A friend of mine told me a story once about an intern that was tasked with writing a text. She delivered one page of text and was told to write more. She asked how. She didn’t know that you could write more than one page in Word.
What year was this?
No, I could se this… Fill up a full page and then it jumps to the next, blank page. If she can’t see that the first page exists, she may have thought she just erased all her work by typing one too many keys.
Source: I work in IT and pretty sure I’ve seen exactly this. Lot’s of flavors to the human experience, lemetellyou.
I remember in first or second grade when I realized that, when I made a mistake, I didn’t have to erase the whole word and I could just erase the part I messed up.
I can’t do that. If I mess a word up the whole thing is dead.
Same for passwords. If I feel I missed a key, in deleting the whole thing and starting it over
Oooh, the password thing totally gets me. Usually I have to start over because I don’t know where I messed up. I type them in too damn fast and by the time the little brain part that’s monitoring things says, “Hey, that one key was wrong,” I’m ten characters beyond and wasn’t counting anyway, so I have to start over.
This sounds like when that podcast dude realised you shit directly in the toilet and not in your hand first
There’s an episode of The Office where Pam and Jim are trying to make Dwight think he’s in The Matrix, so they keep arranging “glitches.” Pam trains a cat to walk past Dwight’s door and then around to repeat it. As they’re telling the camera about it, Jim says “Why didn’t we just get two black cats?” and Pam looks at him with the expression I imagine this guy had with his girlfriend.
So I may be incredibly high right now, but I’ve watched all of The Office at least 5 times now and this scene sounds entirely unfamiliar to me.

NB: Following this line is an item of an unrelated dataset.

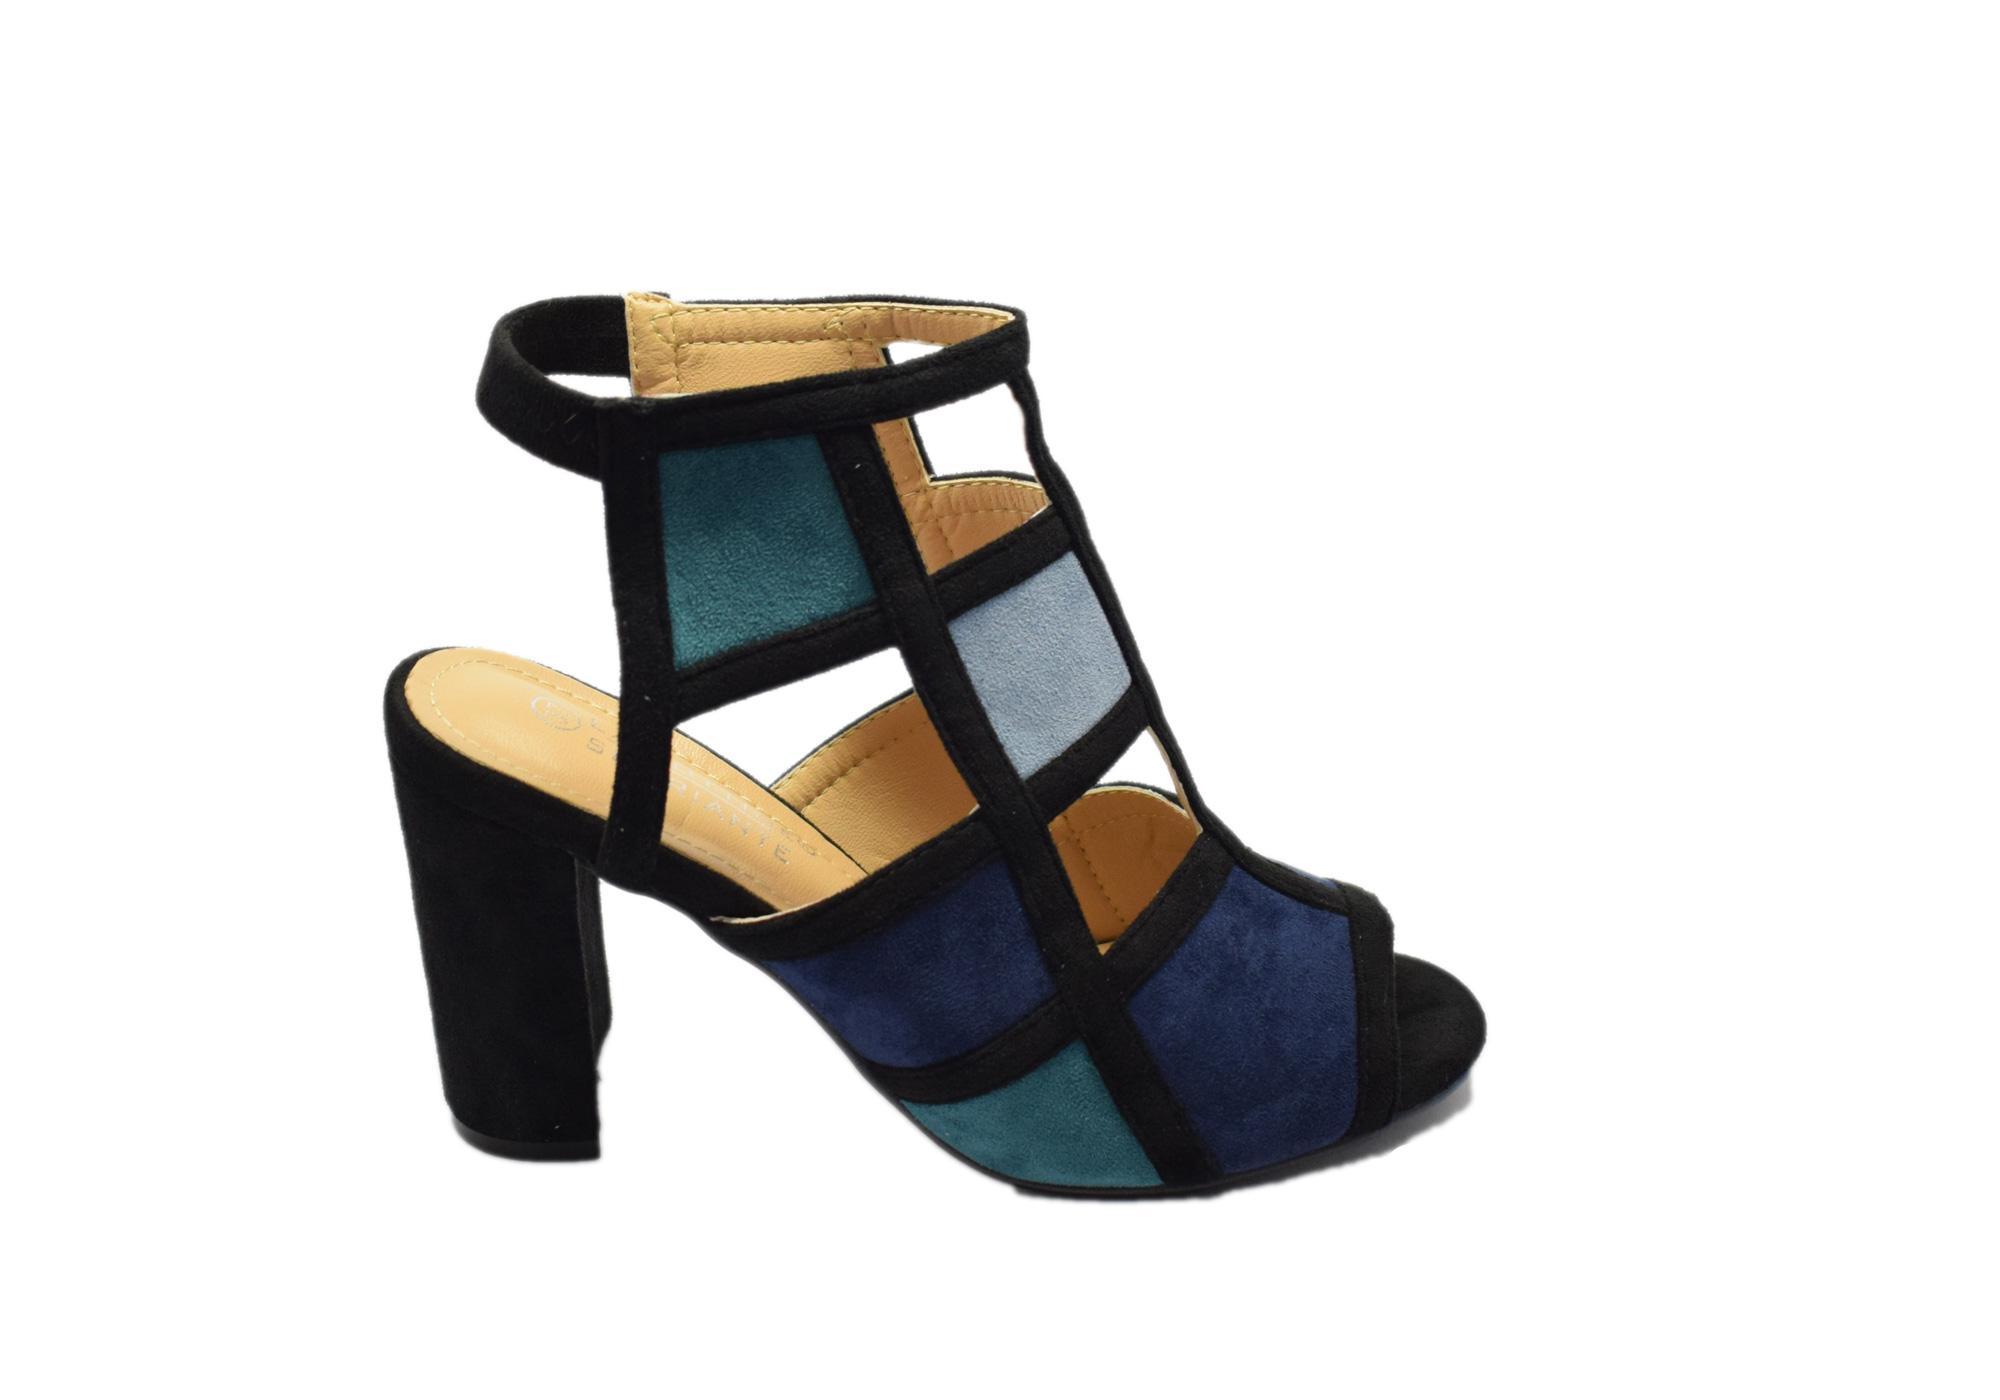 941b1e3d79c Πέδιλο Μαύρο με μπλε λεπτομέρειες - Γυναικεία Παπούτσια - Steve & Paul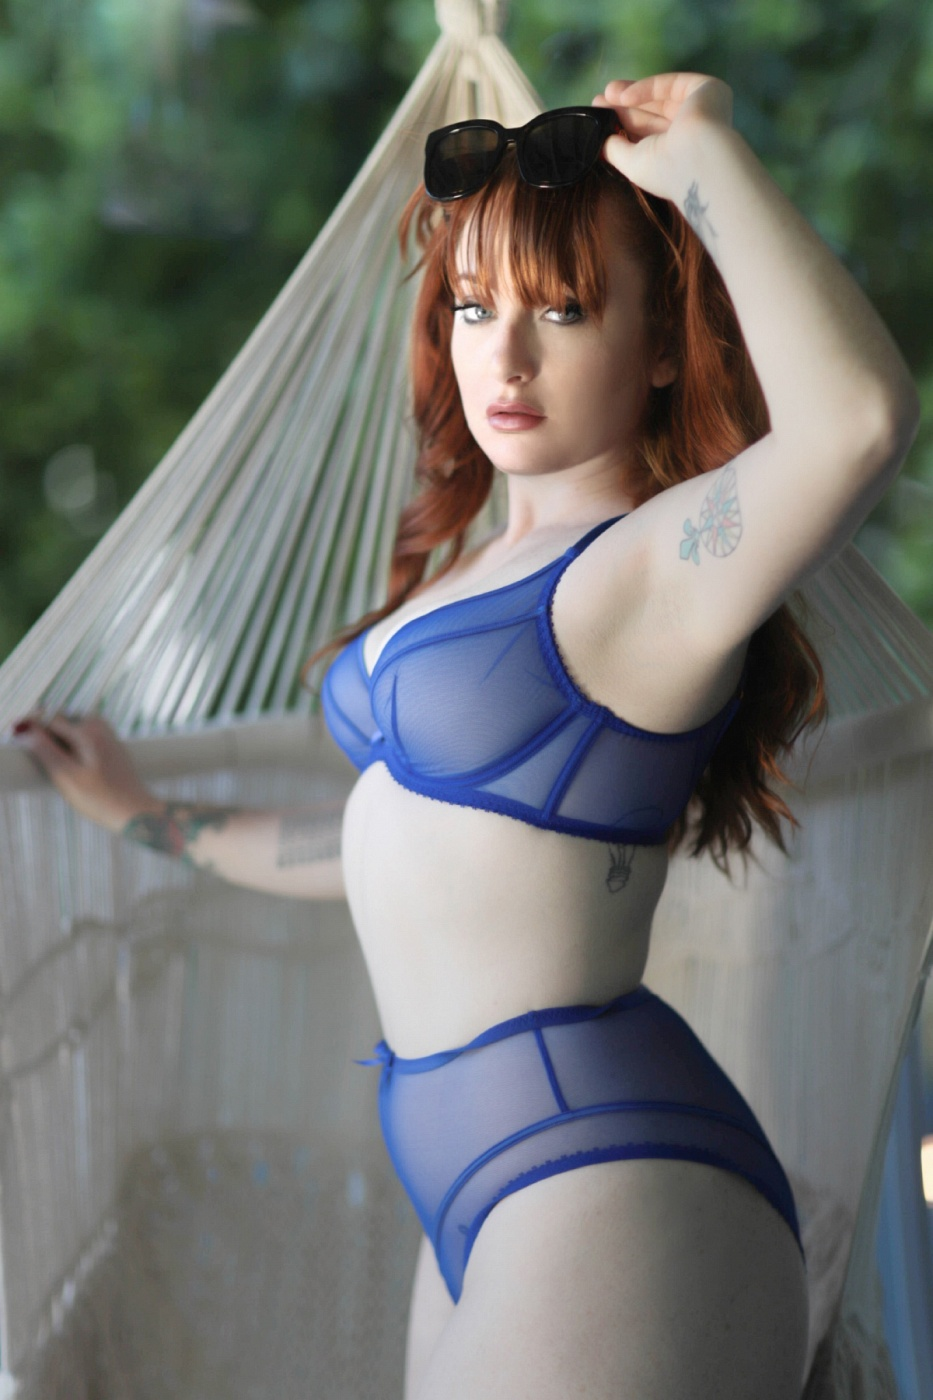 Gemma Paradise

Is it a deleted scene or something? Because that shit sounds hilarious and I’d love to see it.
Yes they released it when they moved the series to peacock, I didn’t know either. Enjoy your surprise new office content
Someone on Reddit once said they didn’t realize the white part of your finger nails are where it’s unconnected to your skin, and they’d just clip wherever, and often bleed because they’d clip the skin.
I always knew I could let the shower warm up but it seemed wasteful and I found the cold invigorating so I did it that way until about 40. Something shifted and it was unpleasant instead of invigorating. Signs of getting old I guess.